Thursday, October 30, 2008

Guest blog: Ed Reynolds (2 of 2)

The US campaign is very frustrating to me.

Eight years ago, McCain hobbled out of the GOP primaries utterly disspirited with politics after one of the most savage and shameful campaigns in modern history -- you know, the one where the bully-boys bankrolled by Bush 41 spread it about that McCain had a 'black baby' (the kid he adopted) and that he was mentally unstable after his incarceration. I don't think he expected to run again and I'm sort of surprised that he has.

I don't agree with McCain on a slew of issues from the EU to abortion rights but I do think he would have made a decent president once. His judgment on the surge was impeccable, and he think his views are in general more reasonable than it's prudent for him to say. As a one-term president, not accountable to a party machine, or even a two-term president bold enough to try and forge a personal following that would allow him to give two fingers to the corrupt party machine -- lot of potential.

But it's creepy to see him now in the pocket of these people who slandered him, these people who behind close doors utterly despise him, paid for by a sitting president who has more than once used him as a punchline. I just kind of wish now they'd chosen one of the suicide candidates like Huckabee. The party deserves to melt down, it deserves to have to rethink itself from first principles and see Bush's fiscal irresponsibility and social tub-thumping as the cause of its ills.

Instead, McCain will lose the election by being 8 years late, the lesson most likely won't be learnt. And I think Obama will win.

Now, Obama in office doesn't fill me with enthusiasm. I think it will be great for America's self-confidence to have a black president and put some sense of closure on a history of terrible race relations in America; it sounds airy-fairy, but confidence and optimism are powerful things particularly in a depression when gloom can breed caution and caution can breed more gloom.

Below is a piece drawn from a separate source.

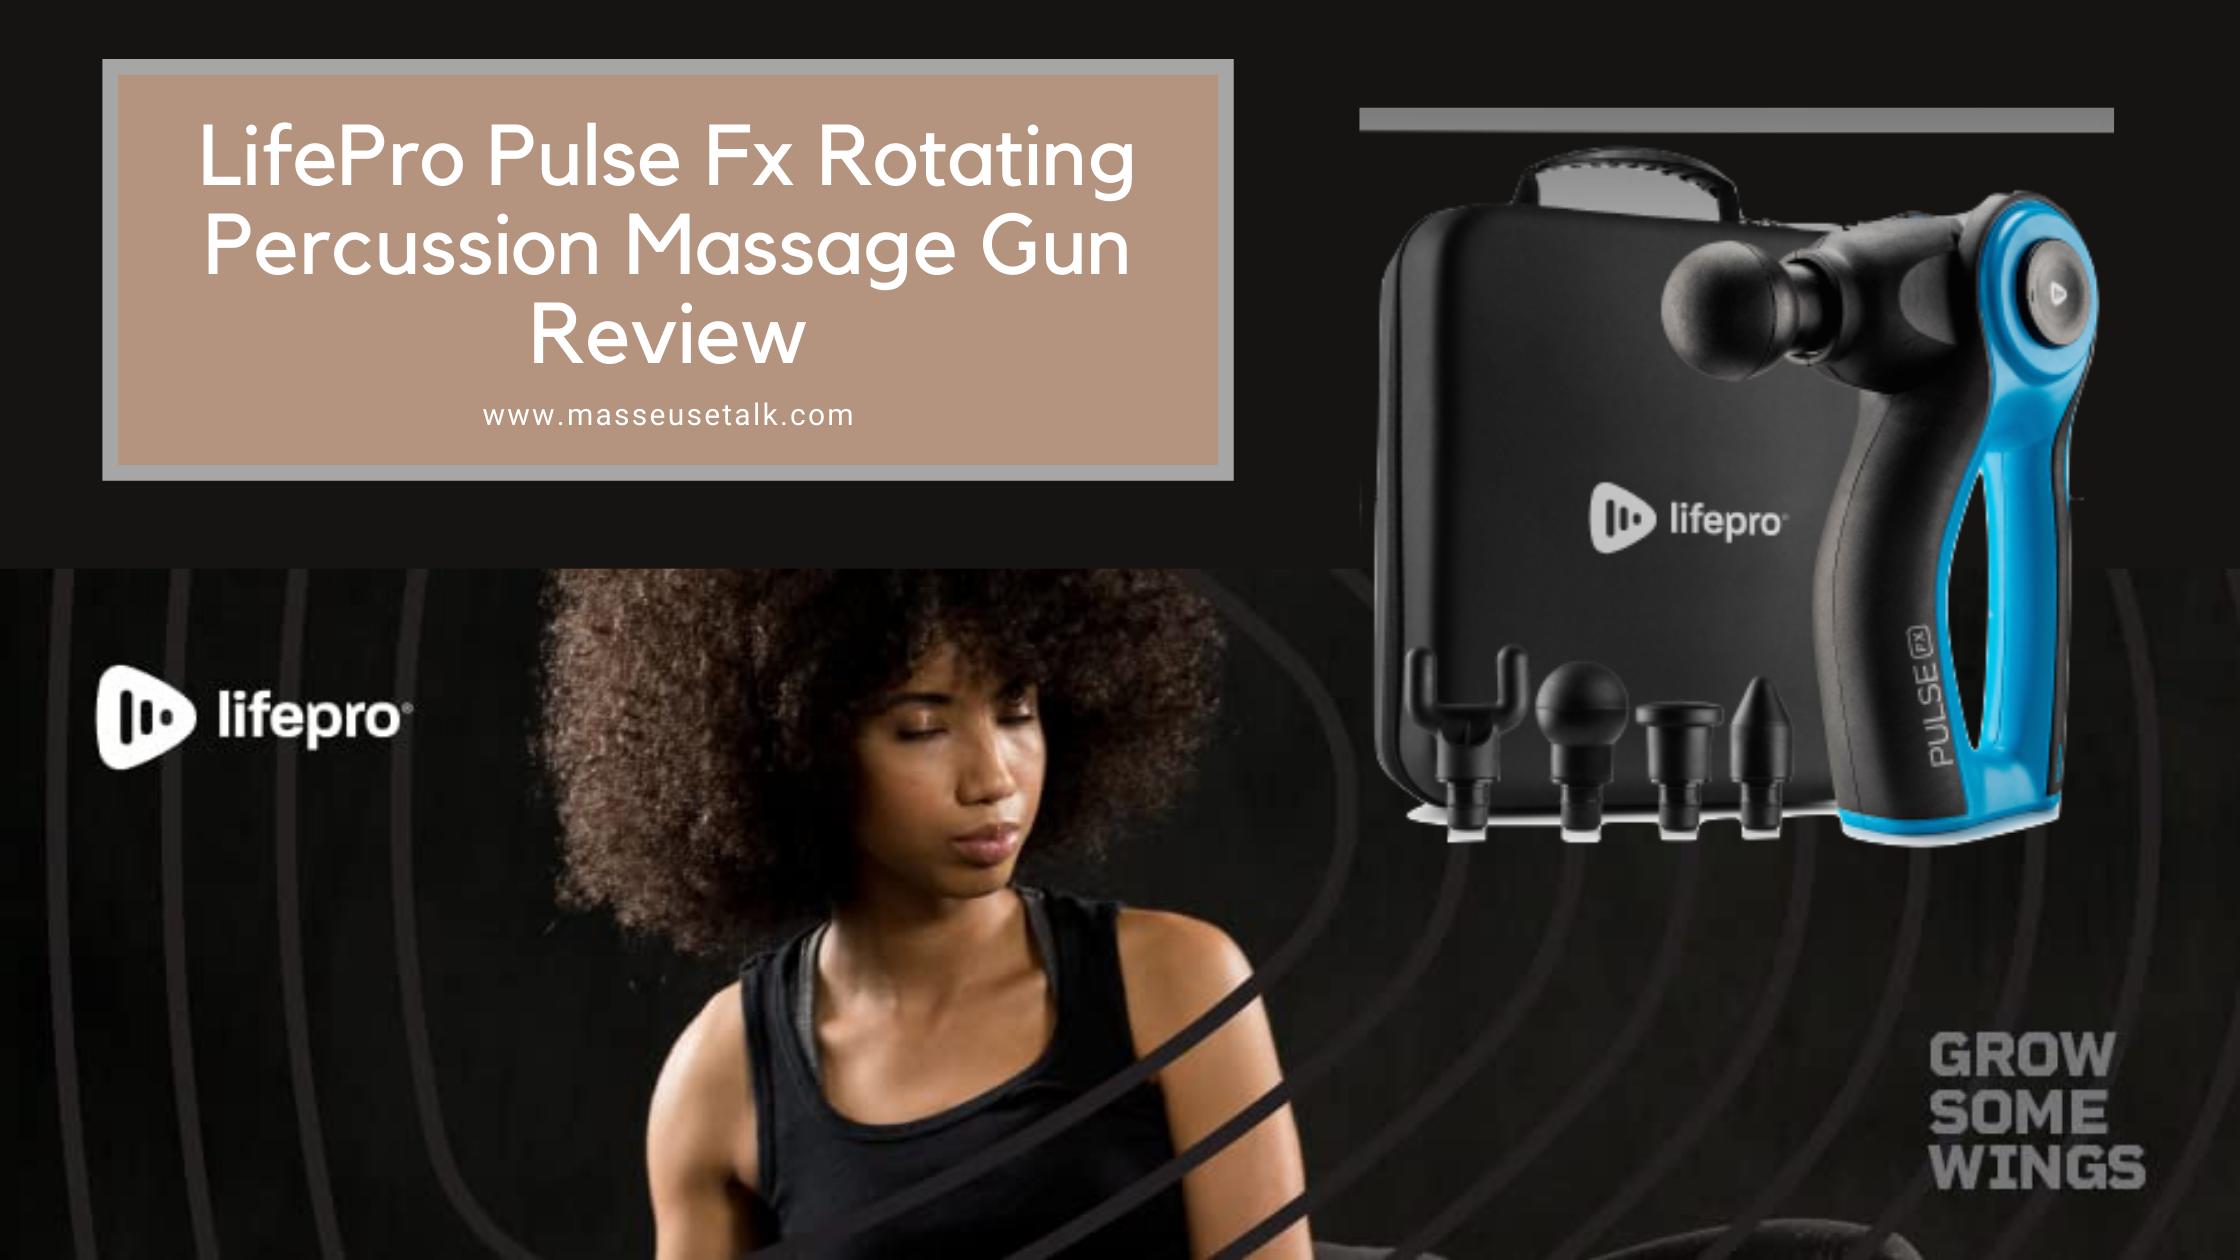 LifePro Pulse Fx Rotating Massage Gun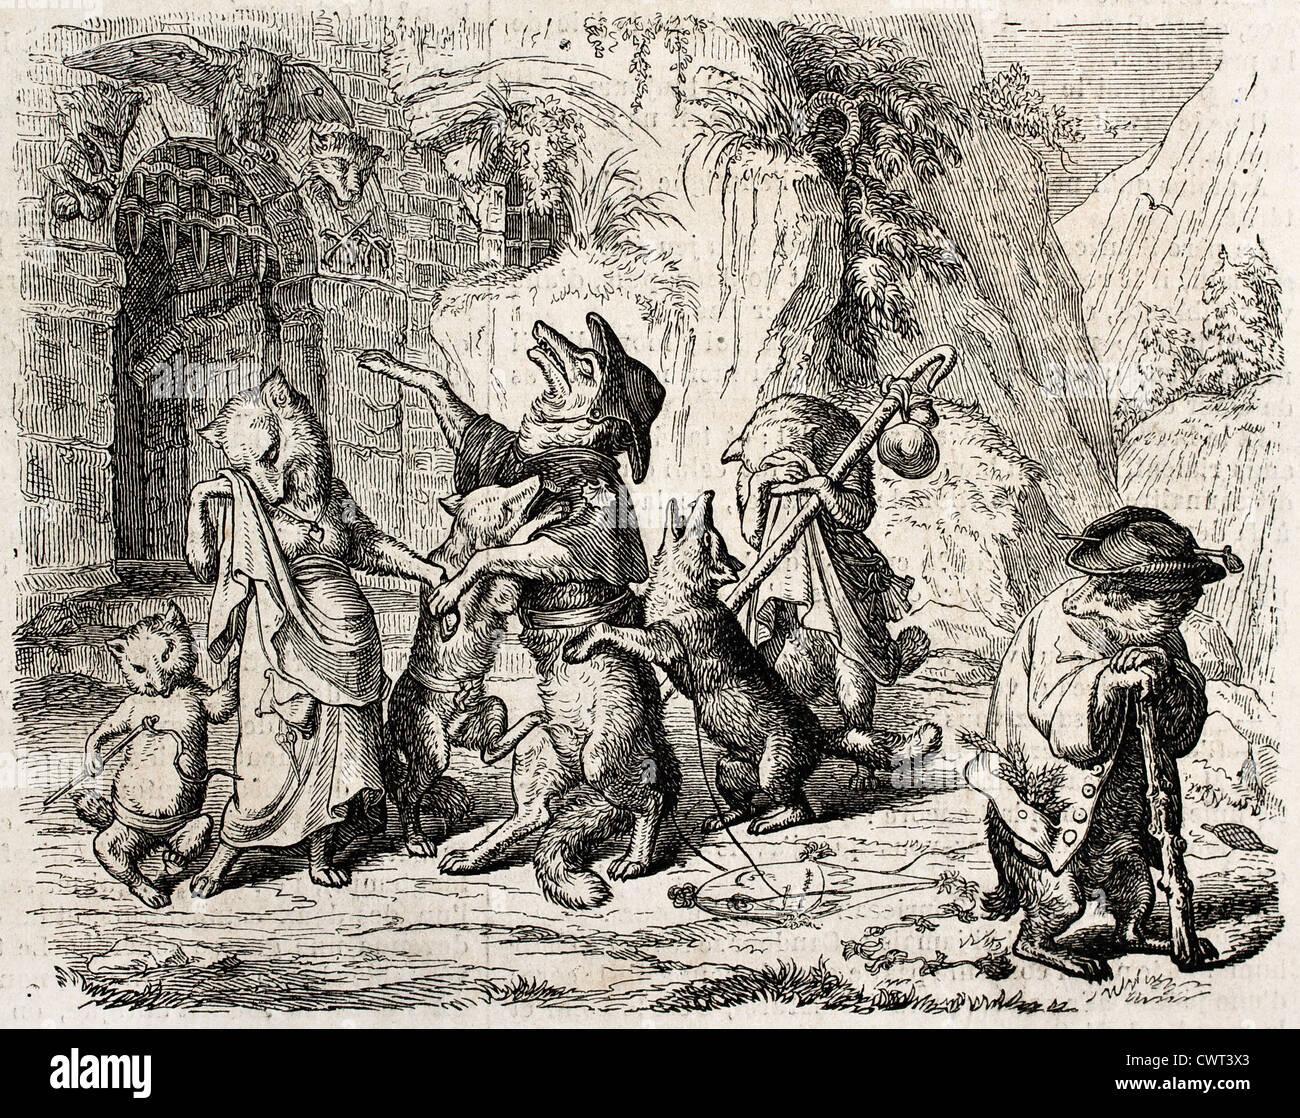 Alte Abbildung Reynecke Fuchs, Goethe Gedicht entnommen Stockbild

But as far as I can tell his economic policies suck. A windfall tax on oil -- watch as the companies pass this straight onto consumers; effectively, it's a tax on the poorest disguised as a tax on the richest. He plans reforms to make America more protectionist -- a catastrophe. His labour initiatives sound great in a recession but will discourage employers from employing and expanding and so will worsen the downturn. Roosevelt managed to kickstart a short-term revival in the 30s with tax and spend but the "spend" has just been spent and I don't think "tax" is a great stimulus package. Besides, what ultimately cured the US under FDR was WW2 bolstering the army hugely while acting as a global advert for American products.

My expectations are low, but I just hope he seizes the mantle on social issues and gets a good shot at some Supreme Court nominations so he can secure abortion rights for the next generation.